Plans to manipulate BASIC against each other
Along with finance, another treacherous issue in the global climate negotiations, currently continuing in Cancun, Mexico, is trust that countries will keep their word. Ms. Hedegaard asks why the U.S. did not agree with China and India on what she saw as acceptable measures to police future emissions cuts. “The question is whether they will honour that language,” the cable quotes Ms. Pershing as saying.
U.S. determination to seek allies against its most powerful adversaries – the rising economic giants of Brazil, South Africa, India, China (Basic) – is set out in another cable from Brussels on 17 February reporting a meeting between the deputy national security adviser, Michael Froman, Mr. Hedegaard and other EU officials.

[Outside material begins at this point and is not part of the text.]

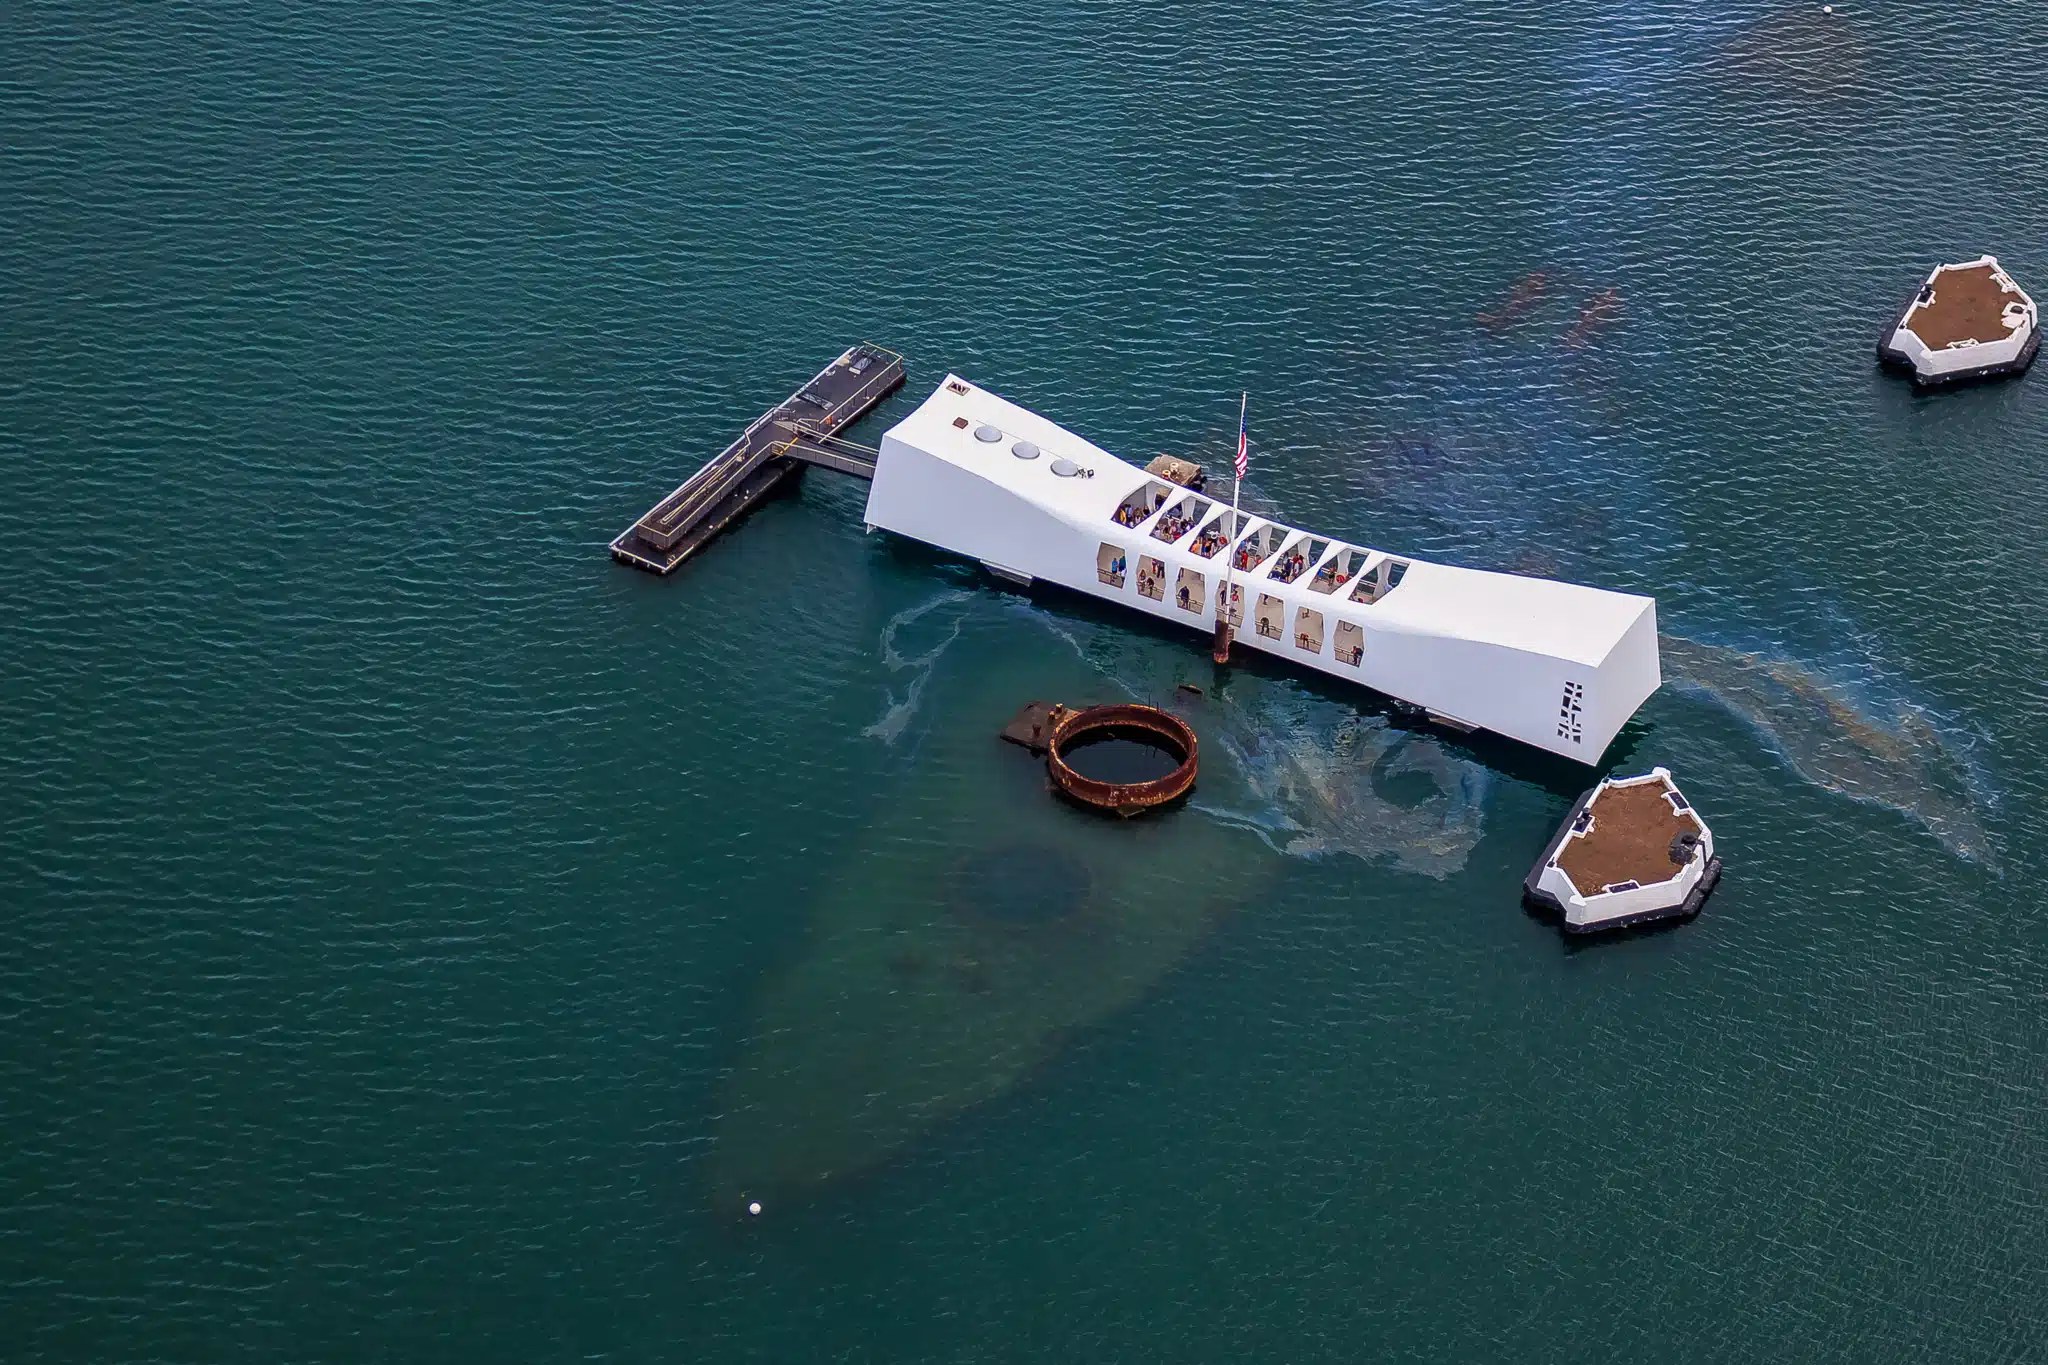 Pearl Harbor National Memorial is a Heritage Site located in the city of Honolulu on Oahu, Hawaii
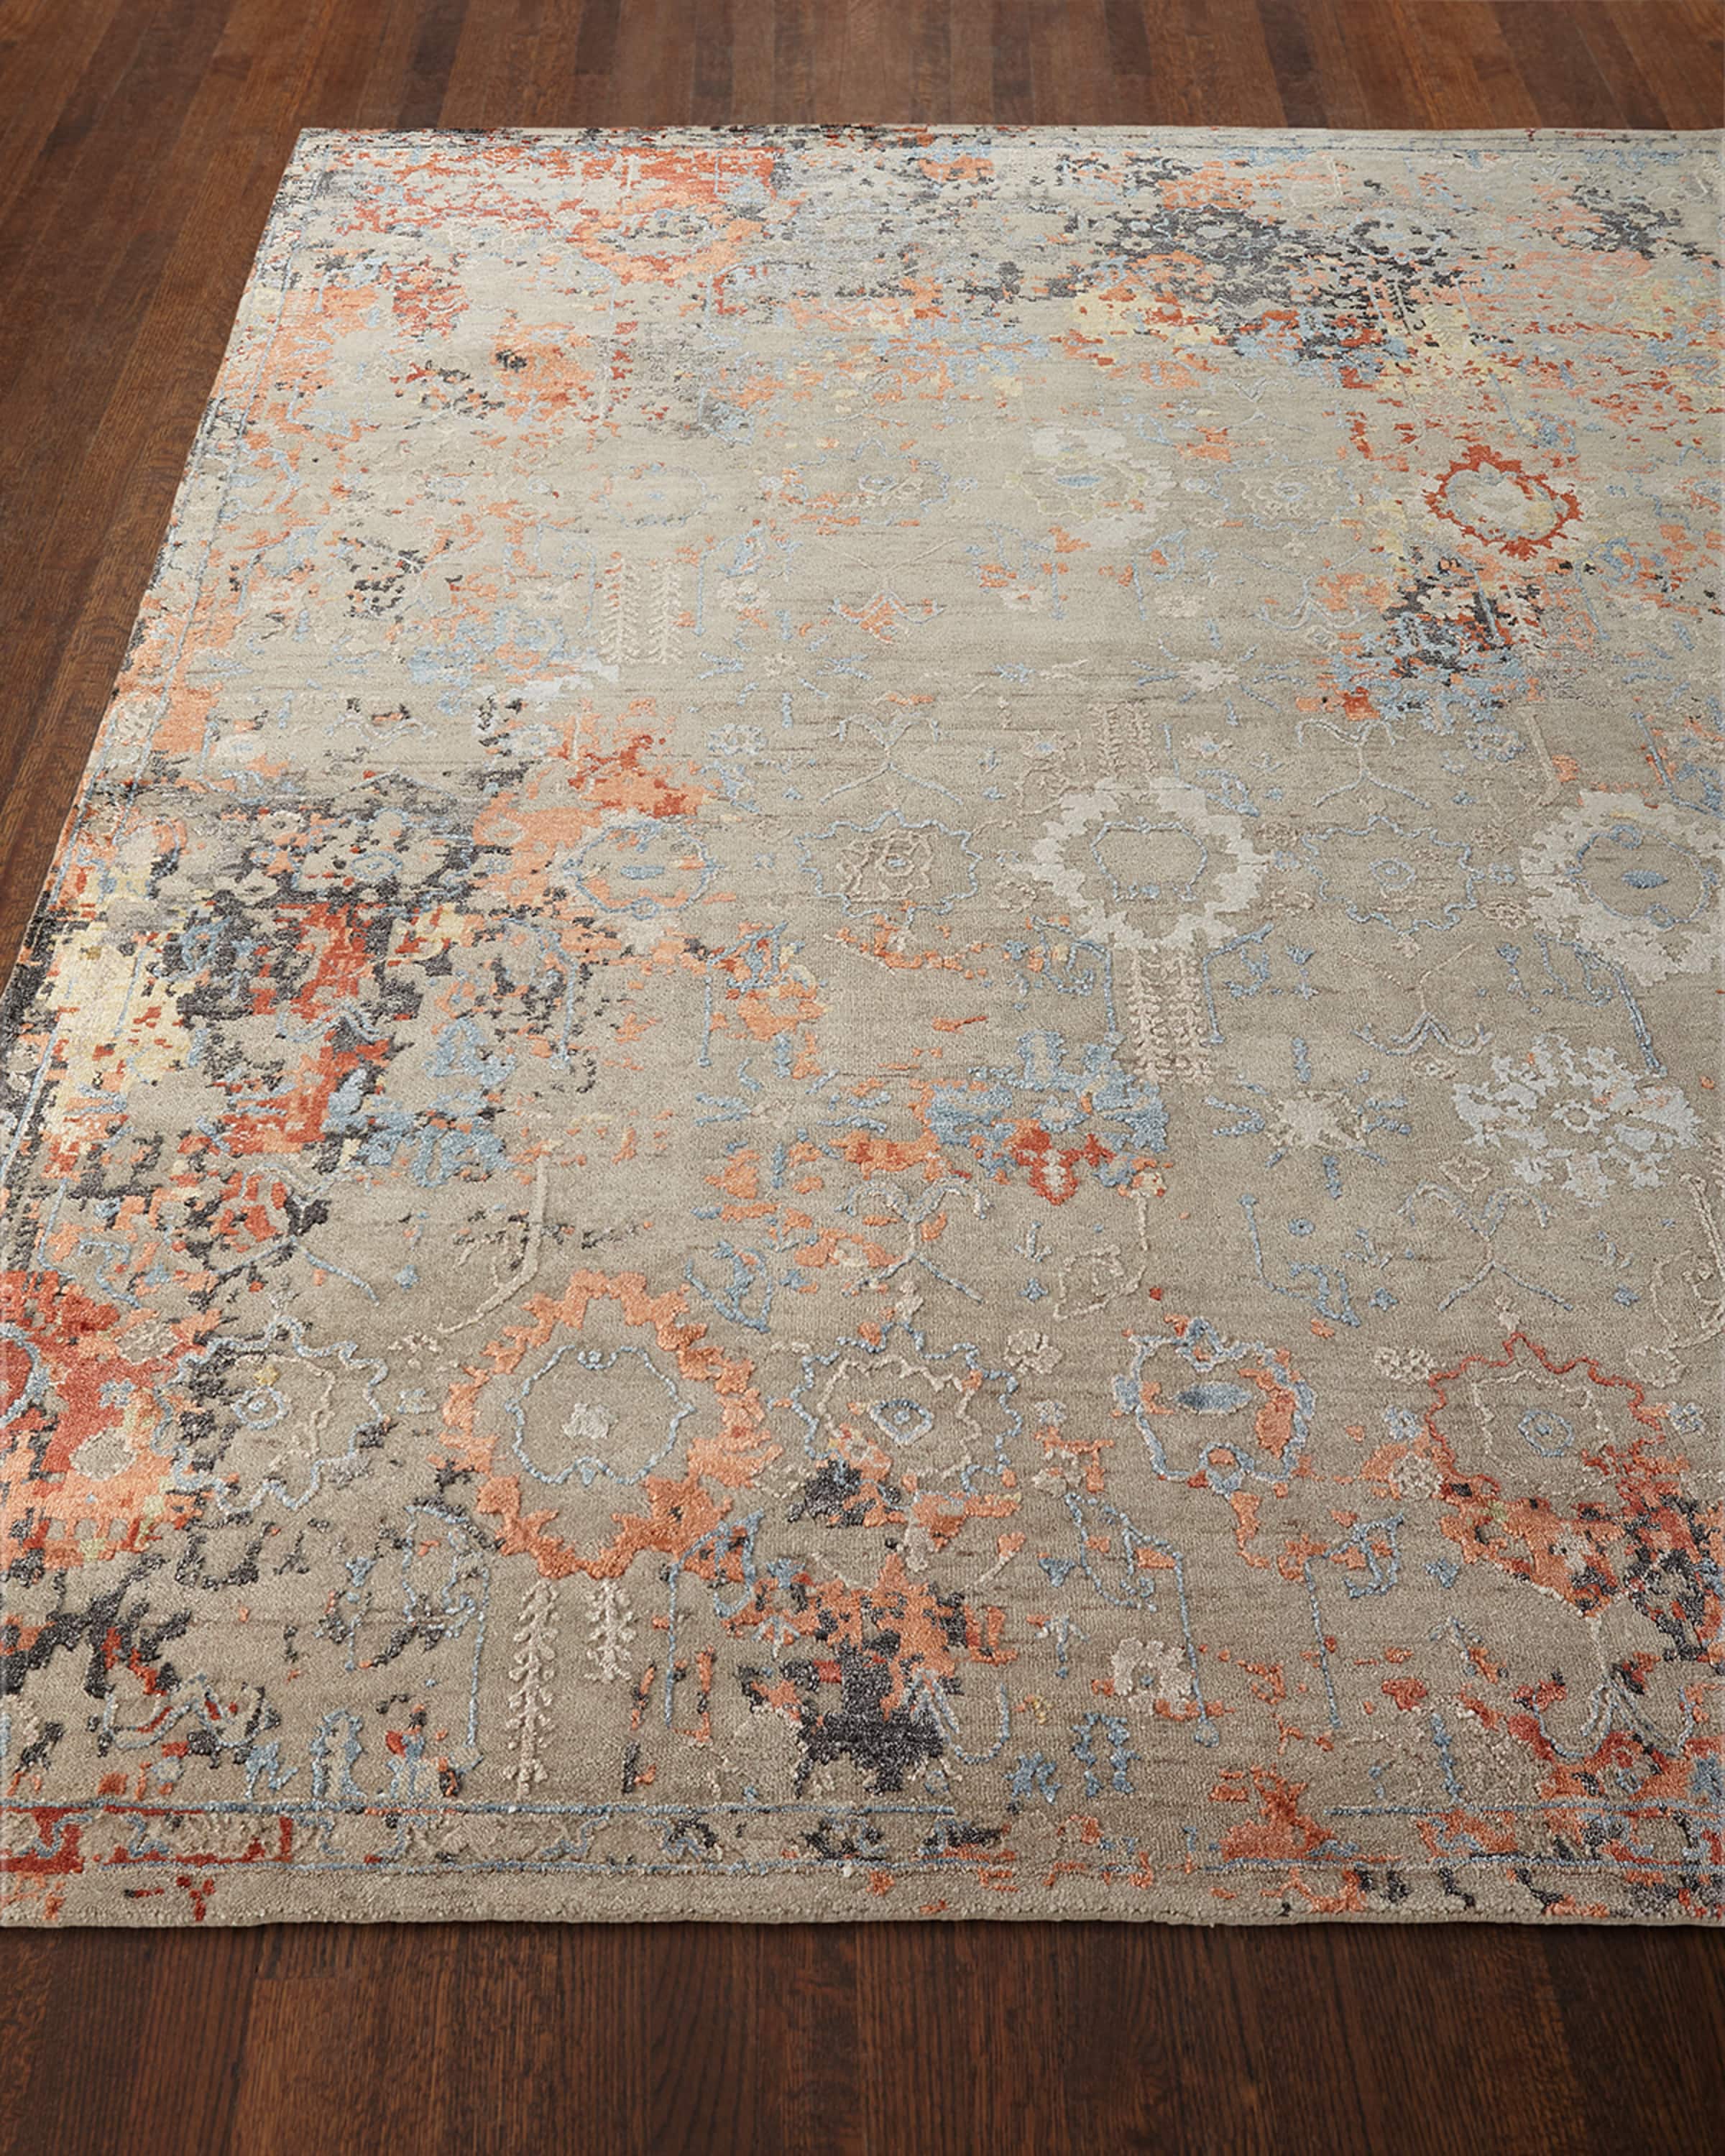 Jenzyn Hand-Knotted Rug, 10' x 14'

Mr. Froman said the EU needed to learn from Basic’s skill at impeding U.S. and E.U. initiatives and playing them off against each in order “to better handle third country obstructionism and avoid future train wrecks on climate”.
Mr. Hedegaard is keen to reassure Mr. Froman of EU support, revealing a difference between public and private statements. “She hoped the US noted the EU was muting its criticism of the US, to be constructive,” the cable said.
Today, 116 countries have associated with the accord. Another 26 say they intend to do so. That total, of 140, is at the upper end of a 100-150 country target revealed by Mr. Pershing in his meeting with Hedegaard on 11 February.
The 140 nations represent almost 75% of the 193 countries that are parties to the UN climate change convention and, accord supporters like to point out, are responsible for well over 80% of current global greenhouse gas emissions.
At the U.N. climate change negotiations in Cancun, Mexico, there have already been flare-ups over how funding for climate adaptation is delivered. The biggest shock has been Japan’s announcement that it will not support an extension of the existing Kyoto climate treaty. That gives a huge boost to the accord. U.S. diplomatic wheeling and dealing may, it seems, be bearing fruit.